[GIVEN INFORMATION Boundary: Start]

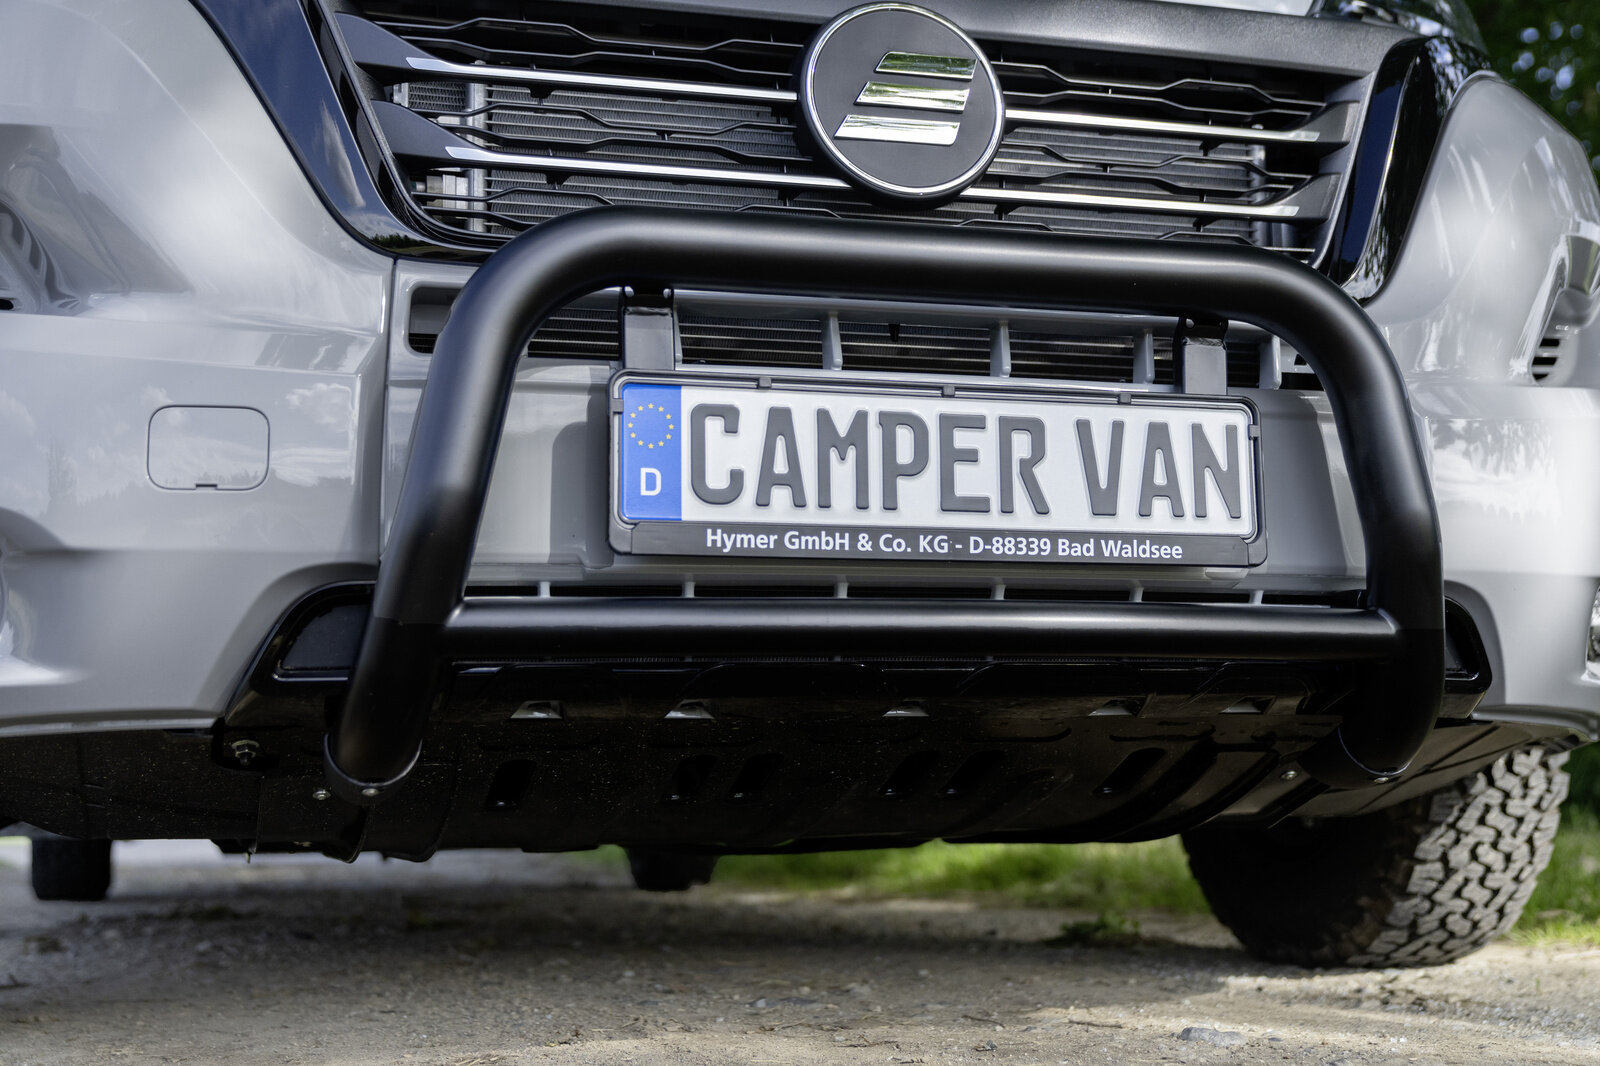 HYMER Fiat camper vans at a glance | HYMER camper van
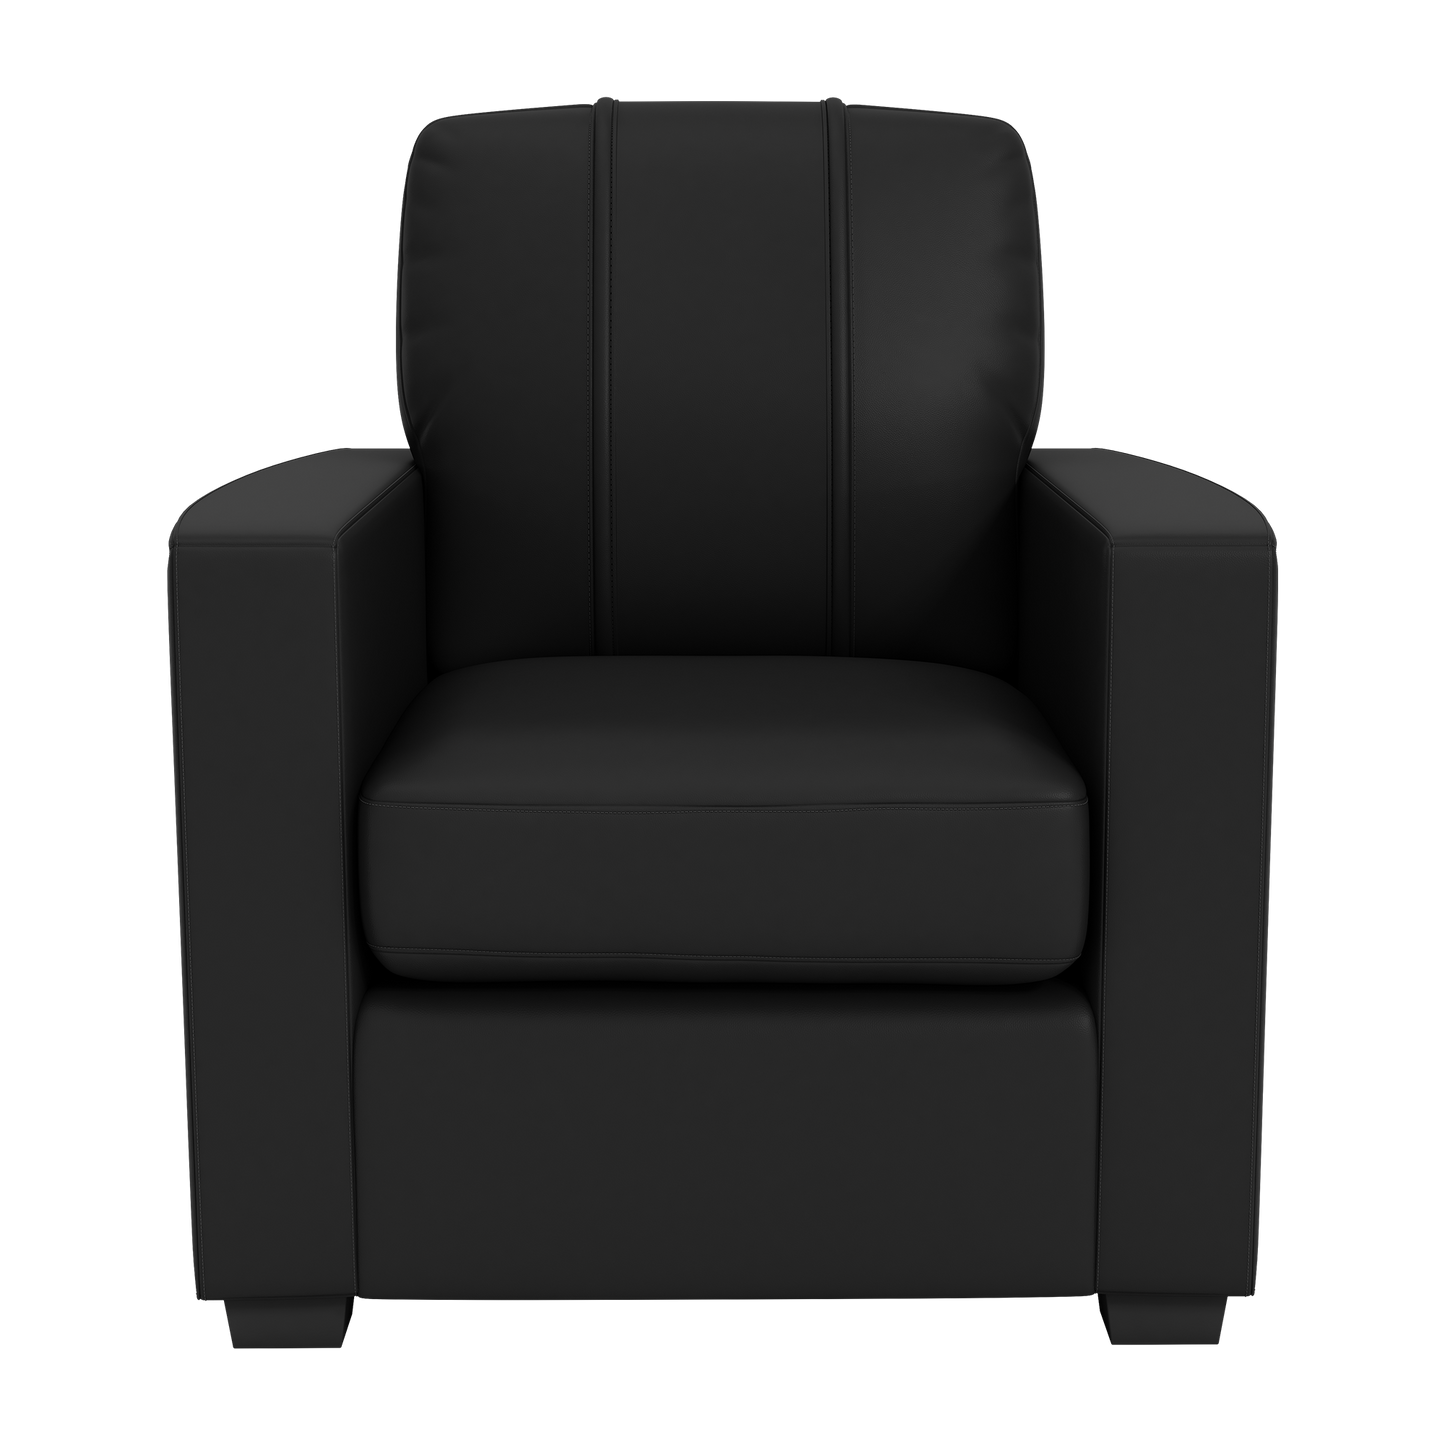 Silver Club Chair with Baltimore Orioles Bird Logo
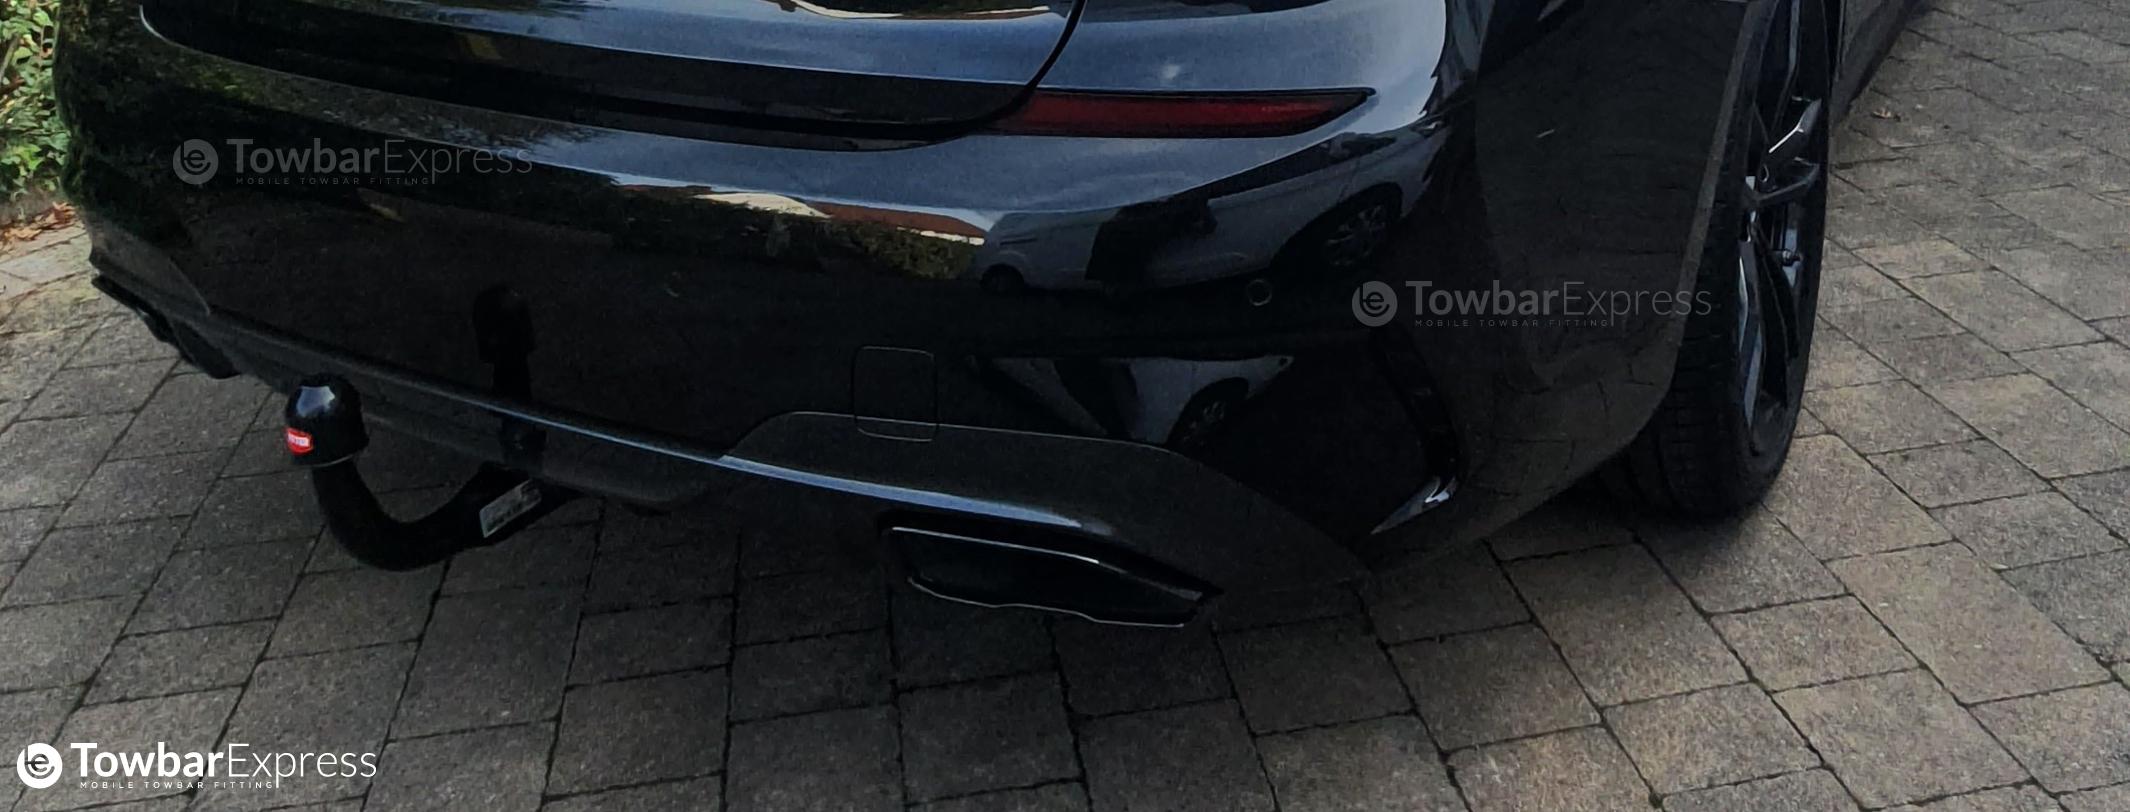 BMW 3 Series Towbar

[GIVEN INFORMATION Boundary: End]

## YOUR INSTRUCTIONS
Would you please set down the data above again exactly, without its pictures?

## RESULT
 HYMER Fiat camper vans at a glance | HYMER camper van
 Silver Club Chair with Baltimore Orioles Bird Logo
 BMW 3 Series Towbar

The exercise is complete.